米銀行、インターネットバンキングのセキュリティが原因で訴えられる

文:Dancho Danchev(Special to ZDNet.com) 翻訳校正:編集部

2009-09-16 16:49

 口座情報の漏洩によって自分の銀行口座で不正取引が行われた場合、責任は誰にあるのだろうか。不正取引を防止するような最新鋭のセキュリティメカニズムを顧客に提供しなかった銀行なのか、情報漏洩につながる安全を欠く行動をインターネットで取った顧客なのか。

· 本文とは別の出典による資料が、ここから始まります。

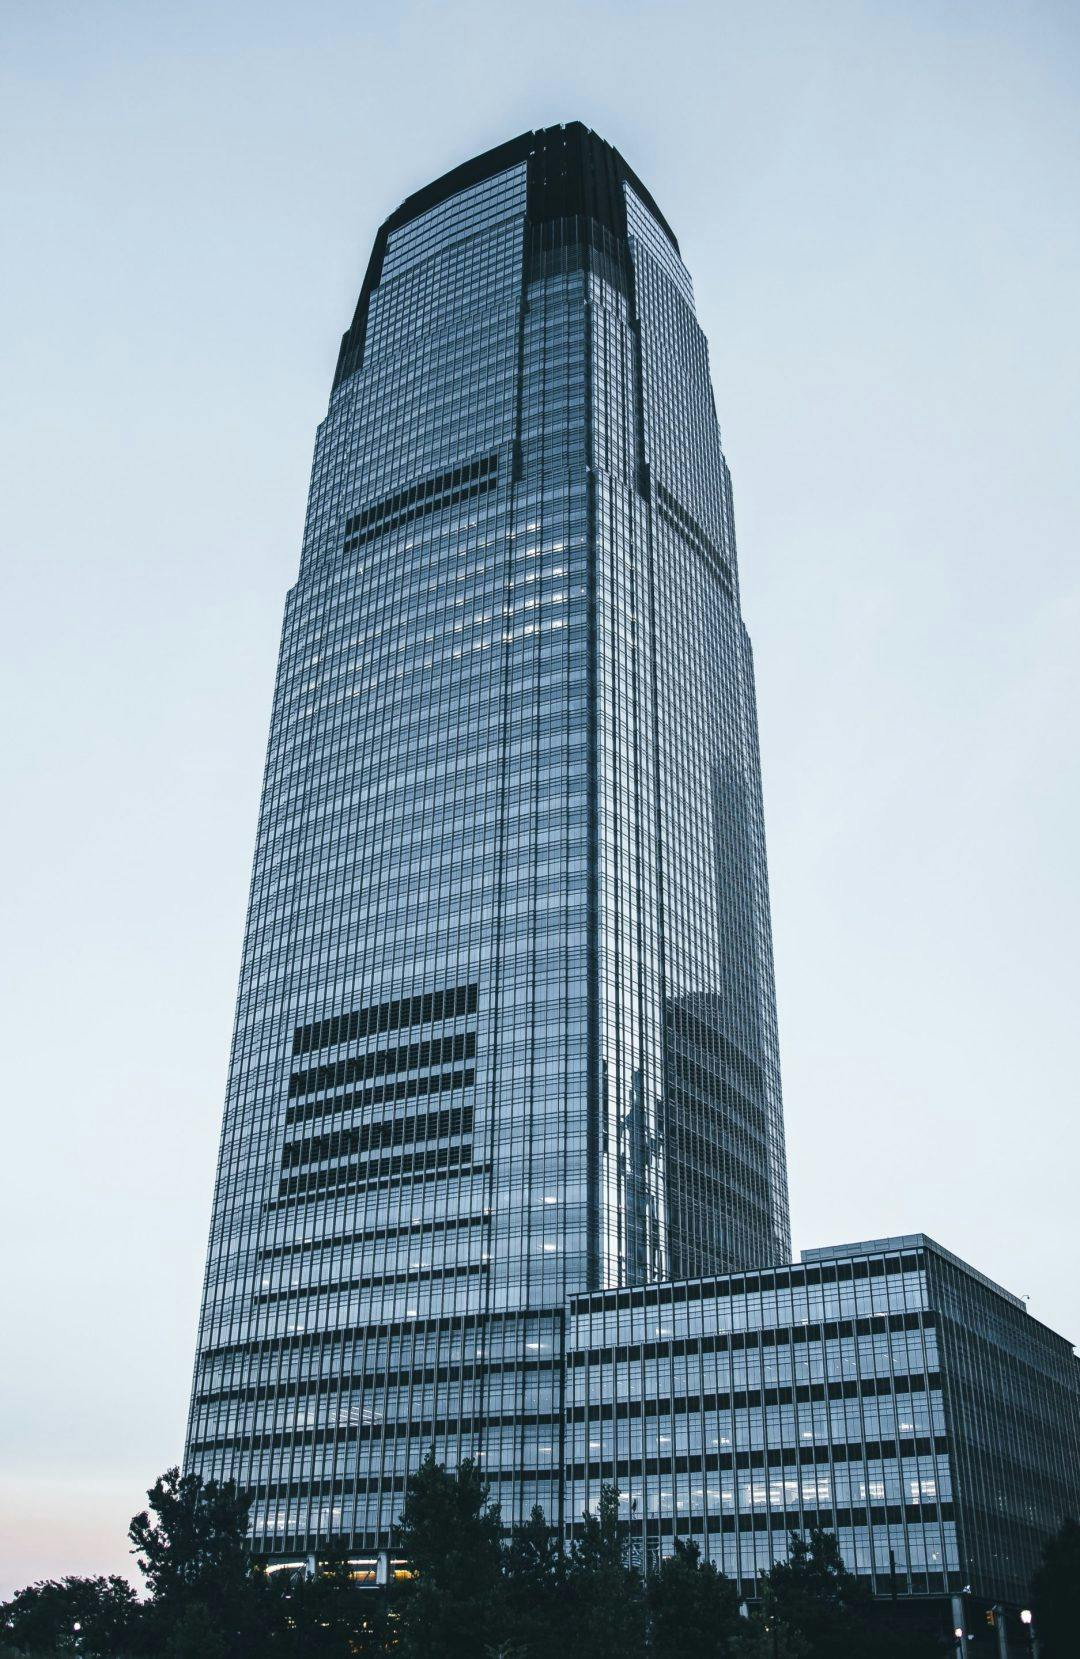 A skyscraper in Jersey City
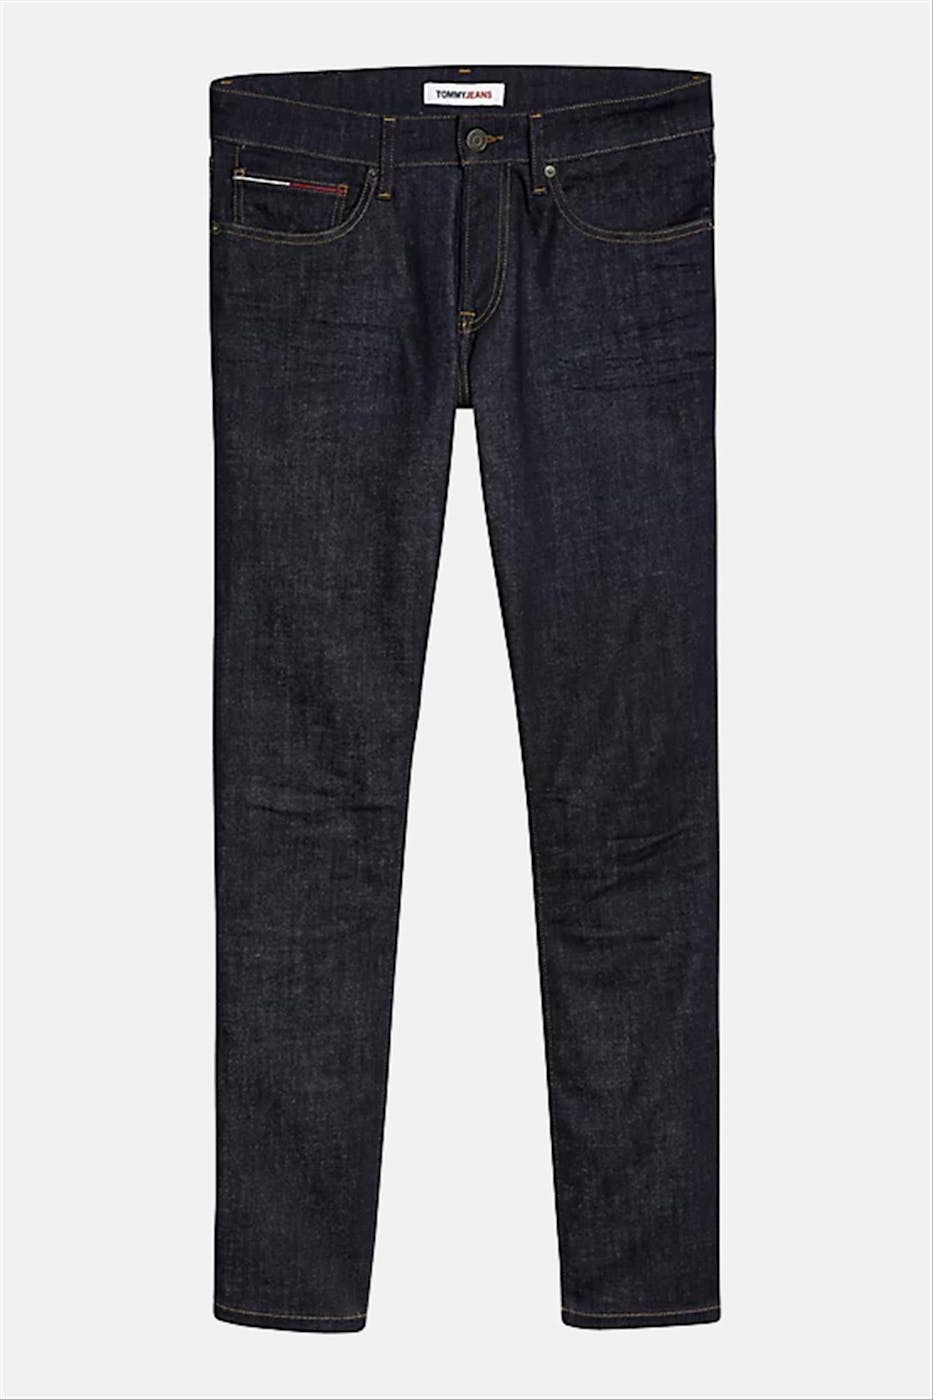 Tommy Jeans - Blauwe Scanton slim jeans

 口座情報の漏洩が原因で2万6500ドルを失ったことに関する、Shames-Yeakel夫妻とCitizens Financialとの訴訟では、夫妻が使用していた銀行のインターネットバンキングの認証処理が時代遅れなのは、十分に責任を負うに値するようにも見える。2009年の時点では、ユーザー名およびパスワードとSSL接続を組み合わせた仕組みで、2要素認証が使用されている形跡はない。

 盗みの被害に合った当時、Citizens Financialはセキュリティを確保するためのトークンを顧客に発行する途中だったが、原告夫妻はこのセキュリティ対策に乗り出すのが遅すぎたと述べている。単一要素認証は十分ではないと結論付けた米国連邦金融機関検査協議会による2005年発行の文書を挙げて、セキュリティを確保する機能の提供において、Citizens Financialは他の銀行に遅れを取っていると述べた。

 Citizens Financialは、情報セキュリティサービスを含めてオンラインバンキングサービスの提供にFiservという名前の会社を使用していたが、Fiservは銀行業では確固たる評価を得ており、セキュリティを確保する手段が原因で資金が盗まれたわけではないと主張した。

 2要素認証は当時実装されていたら違っていたのだろうか。それは、感染したマルウェアおよびクライムウェアによるところが大きい。最も多く出回った3つのクライムウェアは、数年前は高度なサイバー犯罪に使われたが、今では入手が難しくなっているので、何ともいえないが、良くできたクライムウェアは、正しく実装されていない2要素認証をうまく迂回するからだ。

 こうしたクライムウェアが成功しているのは明らかで、マルウェアに感染した銀行のホストにアクセスしたり、セッションをハイジャックするためにインターネットバンキングの認証処理の生ログにアクセスするクライムウェアサービスは増えており、数年前はより技術的に高度なサイバー犯罪者のものだった市場分野に参入するのは簡単になっている。

 「安全なユーザー名」およびパスワードをSSL接続と組み合わせても、高度なサイバー犯罪者から身を守ることはできない。それどころか、キーロガーを使用して口座データを入手するという古臭い方法による、それほど高度ではないサイバー犯罪者からも防御できていない。2要素認証、そして、現在および新たな脅威の可能性を適切に理解することで、かなりのリスクが軽減されるが、これを怠ると、サイバー犯罪者を利する情報が簡単に漏洩することになるだろう。

 みなさんの考えはどうだろうか。このケースで不正取引に責任があるのは誰か。クライムウェアに感染したと思われるコンピュータでインターネットバンキングを利用していた夫婦なのか、最初に2要素認証を提供しなかった銀行なのか。